---
name: neo4j-getting-started-skill
description: >
  Orchestrates the full journey from zero to a running Neo4j application.
  Executes 8 named stages in order: prerequisites → context → provision →
  model → load → explore → query → build. Each stage has its own reference
  file in references/ that the agent reads and follows when entering that stage.
  Supports both HITL and fully autonomous operation.
  Time budget: ≤15 min after DB is running (autonomous), ≤90 min total (HITL).
version: 0.3.0
allowed-tools: Bash, WebFetch, Read, Write, Edit,
  mcp__neo4j__read-cypher, mcp__neo4j__write-cypher, mcp__neo4j__get-schema,
  mcp__neo4j__list-gds-procedures,
  mcp__neo4j_data_modeling__validate_data_model,
  mcp__neo4j_data_modeling__visualize_data_model
compatibility: claude-code, cursor, windsurf, any-agent-with-bash
---

# Neo4j Getting-Started Skill

Guide a **user or agent** from zero to a working Neo4j application by executing the 8 stages below in order.

**At the start of each stage**: read the corresponding `${CLAUDE_SKILL_DIR}/references/<stage-name>.md` file and follow its instructions. Only load the stage you are currently executing — not all at once.

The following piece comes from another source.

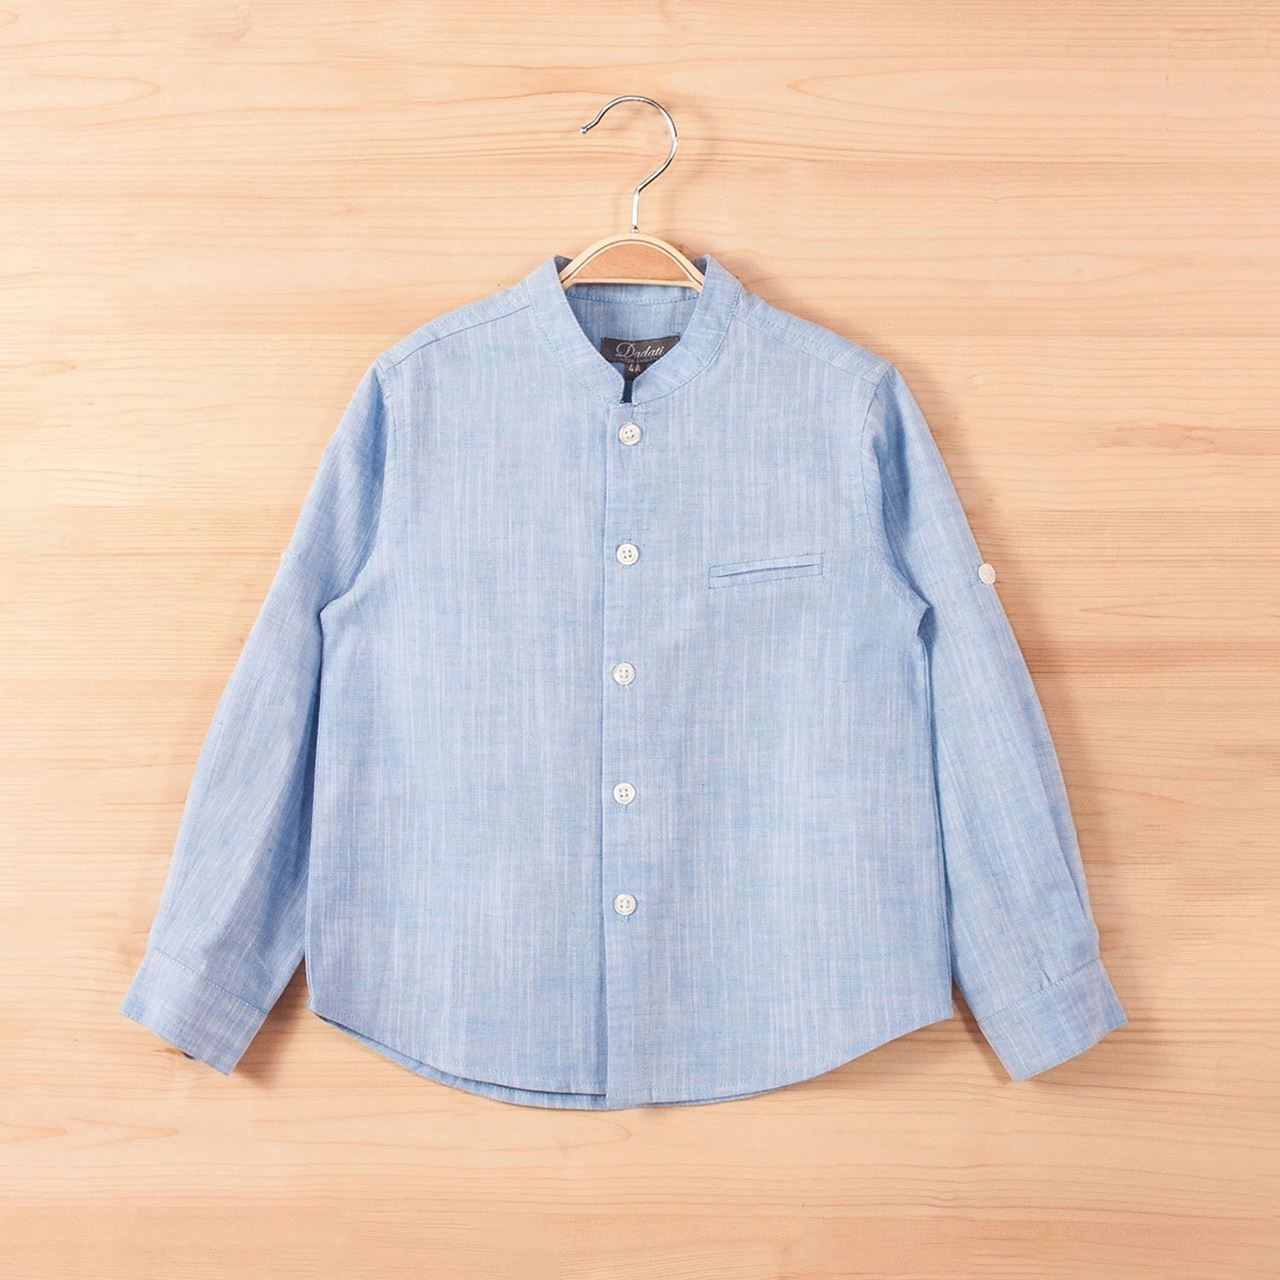 Imagen de Camisa jr brisa azul
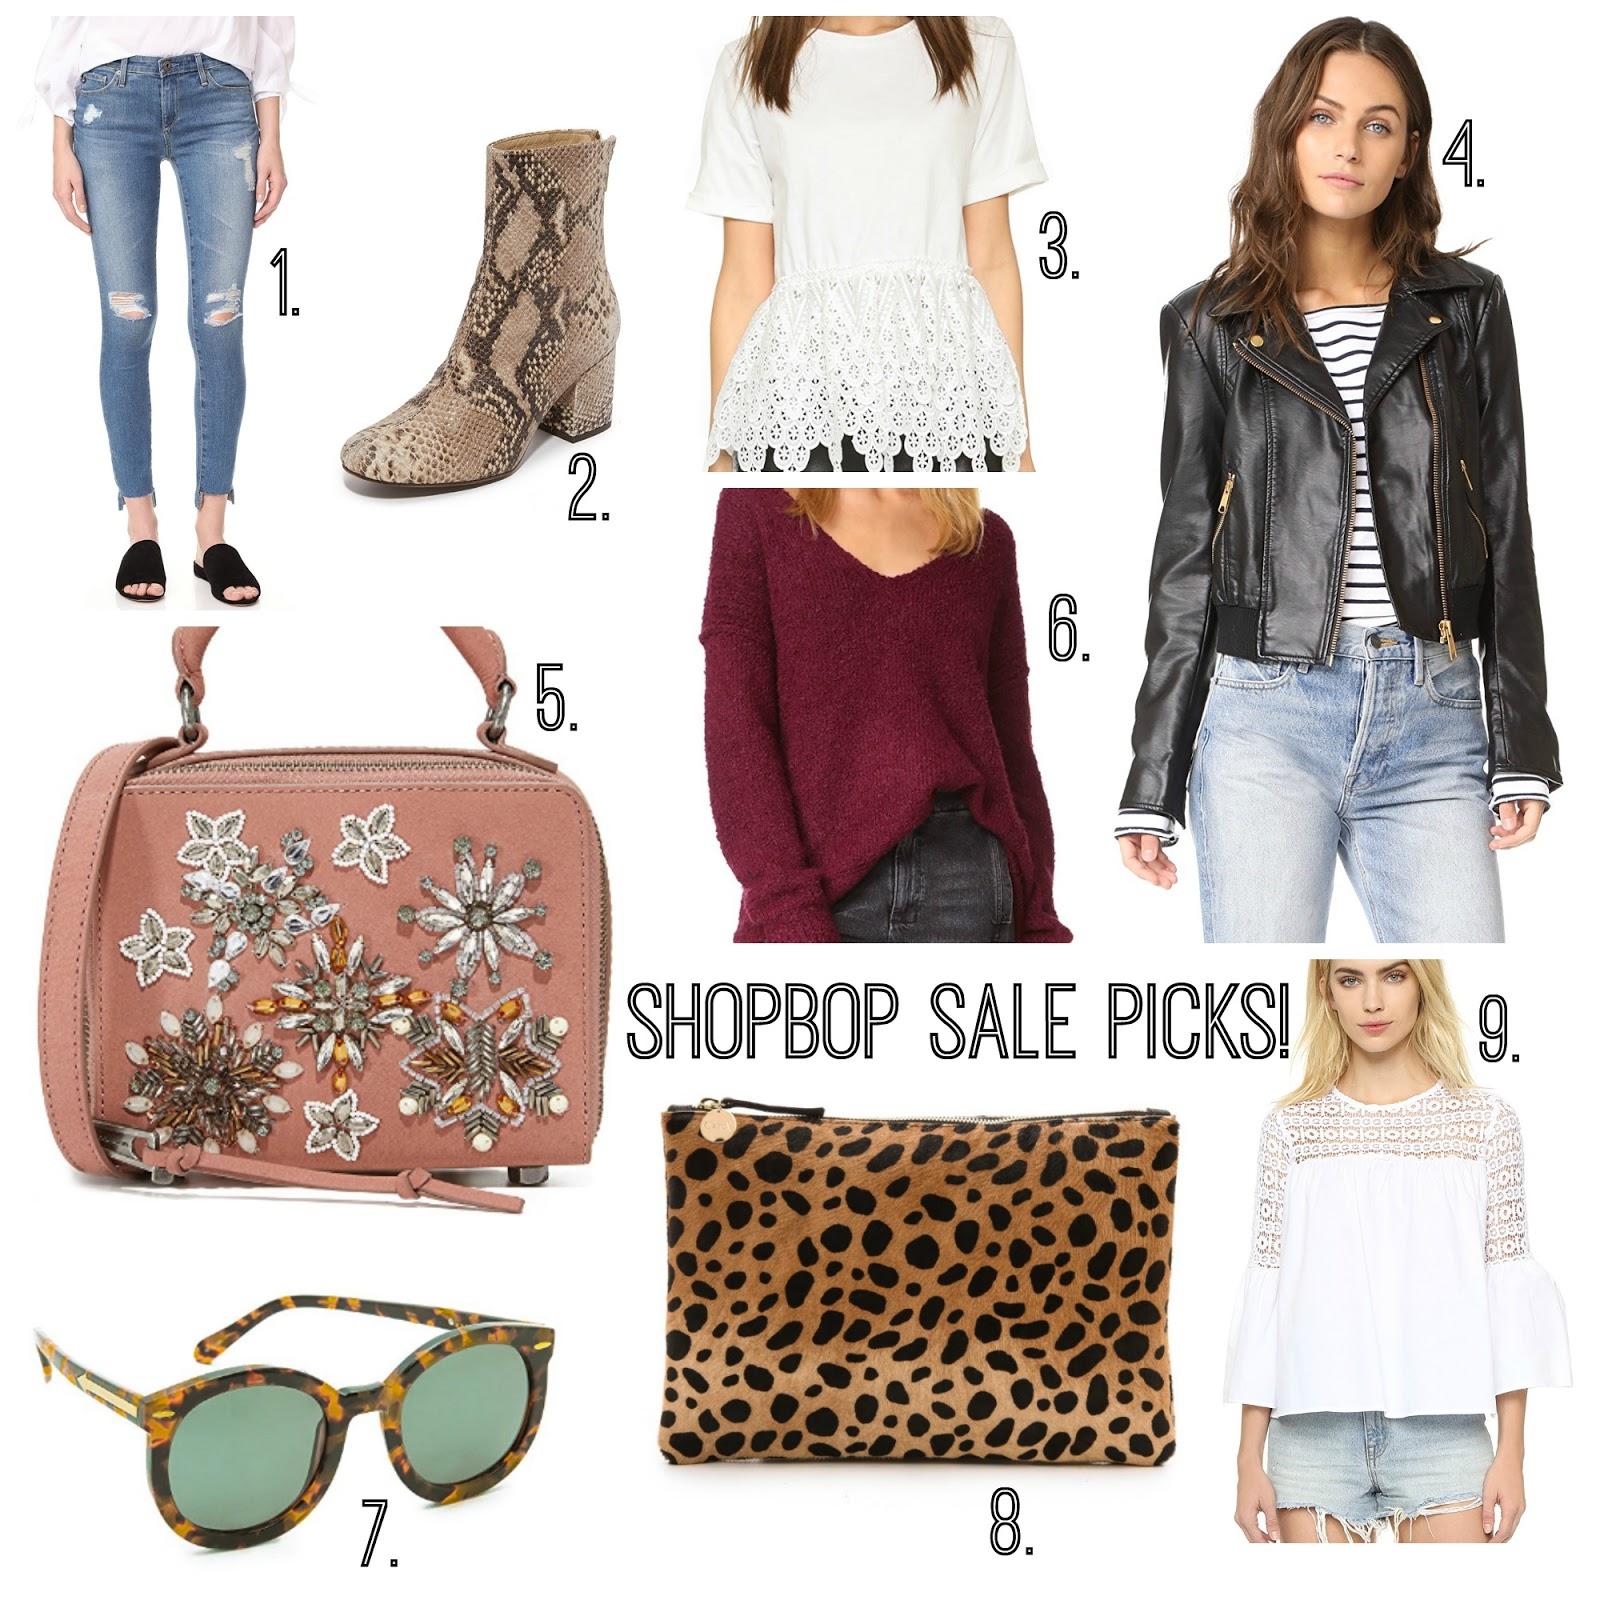 shopbop fall sale picks

**"User" means both a human developer and an autonomous coding agent.**

---

## When NOT to use this skill

- **Writing or optimizing Cypher queries on an existing project** → use `neo4j-cypher-skill`
- **Upgrading Neo4j drivers or migrating Cypher syntax** → use `neo4j-migration-skill`
- **CLI/admin tasks on an existing database** (backup, restore, import) → use `neo4j-cli-tools-skill`

---

## Project Structure

**All generated code, data, scripts, queries, and notebooks must be written to the working directory** so the user can inspect, reuse, and re-run them after the session ends. Never generate output only as text in the conversation — always write it to a file.

Organize files into this layout. Create subdirectories before writing files.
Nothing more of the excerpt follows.